W.E. Hughes, Garvan Institute, 384 Victoria Street, Darlinghurst, NSW 2010, Australia. (Introduced by Anuwat Dinudom)

Class I phosphatidylinositol 3-kinases (PI3K) generating phosphatidylinositol(3,4,5)trisphosphate, PtdIns(3,4,5)P3, have a well established role in cellular signalling. This is particularly true in the muscle cell insulin signalling cascade that regulates the uptake and metabolism of glucose to control blood glucose homeostasis. Insulin via the insulin receptor triggers a cascade of protein phosphorylation and translocation events leading to a localized accumulation of PtdIns(3,4,5)P3 in the plasma membrane. This in turn allows a series of translocation and phosphorylation events that lead to the insertion of the GLUT4 glucose transporter into the plasma membrane.

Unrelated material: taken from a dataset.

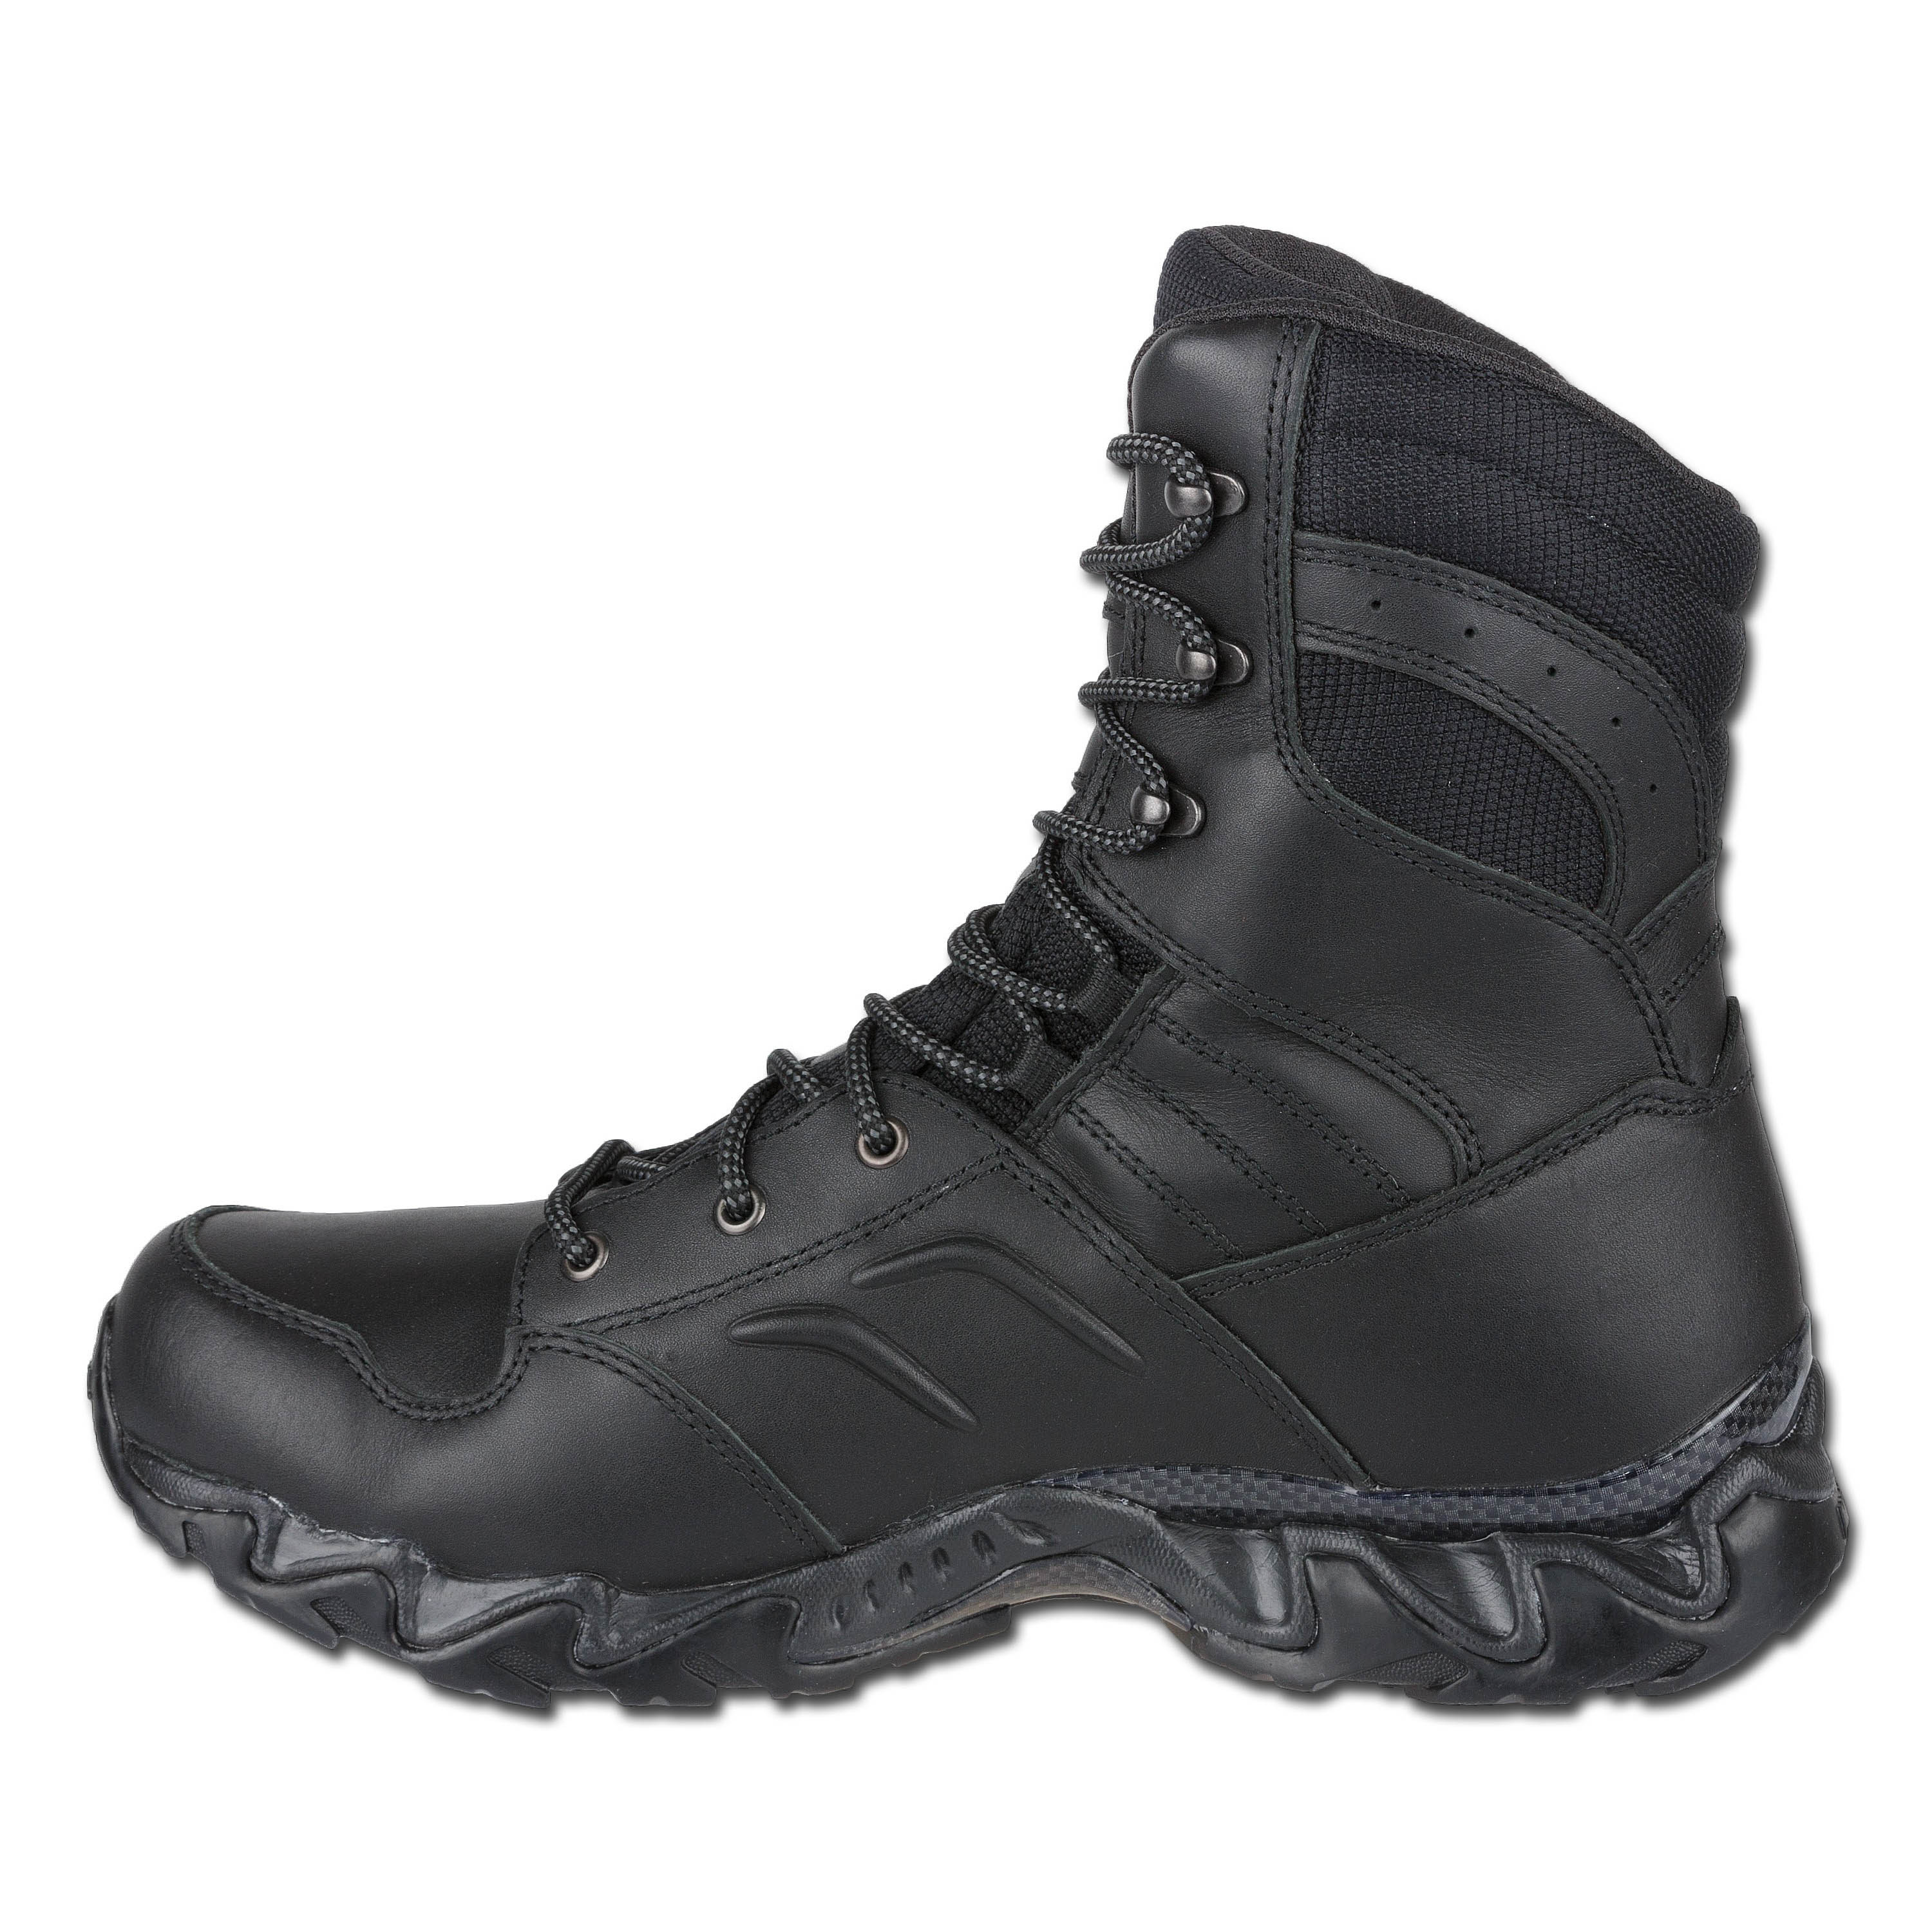 Purchase the Meindl Boots Black Cobra GTX by ASMC

We have recently established a role for an additional class of PI3K and 3-phosphorylated lipid in this process. Knockdown of the α isoform of class II PI3K (PI3KC2α) in myoblasts reduced insulin-stimulated glucose uptake due to reduced translocation of GLUT4 to the plasma membrane. PI3KC2α appears to represent a component of an novel and independent signalling cascade as the ‘classical’ class I PI3K cascade appeared unaffected in the knockdown cells. Analysis of PtdIns species identified a lack of insulin-stimulated accumulation of PtdIns3P in the PI3KC2α knockdown clones identifying the in vivo product of PI3KC2α, which was previously unclear, and that this lipid plays a role in GLUT4 translocation. Using a variety of state-of-the-art live cell imaging techniques we have endeavoured to identify the molecular step regulated by PI3KC2α generated PtdIns3P.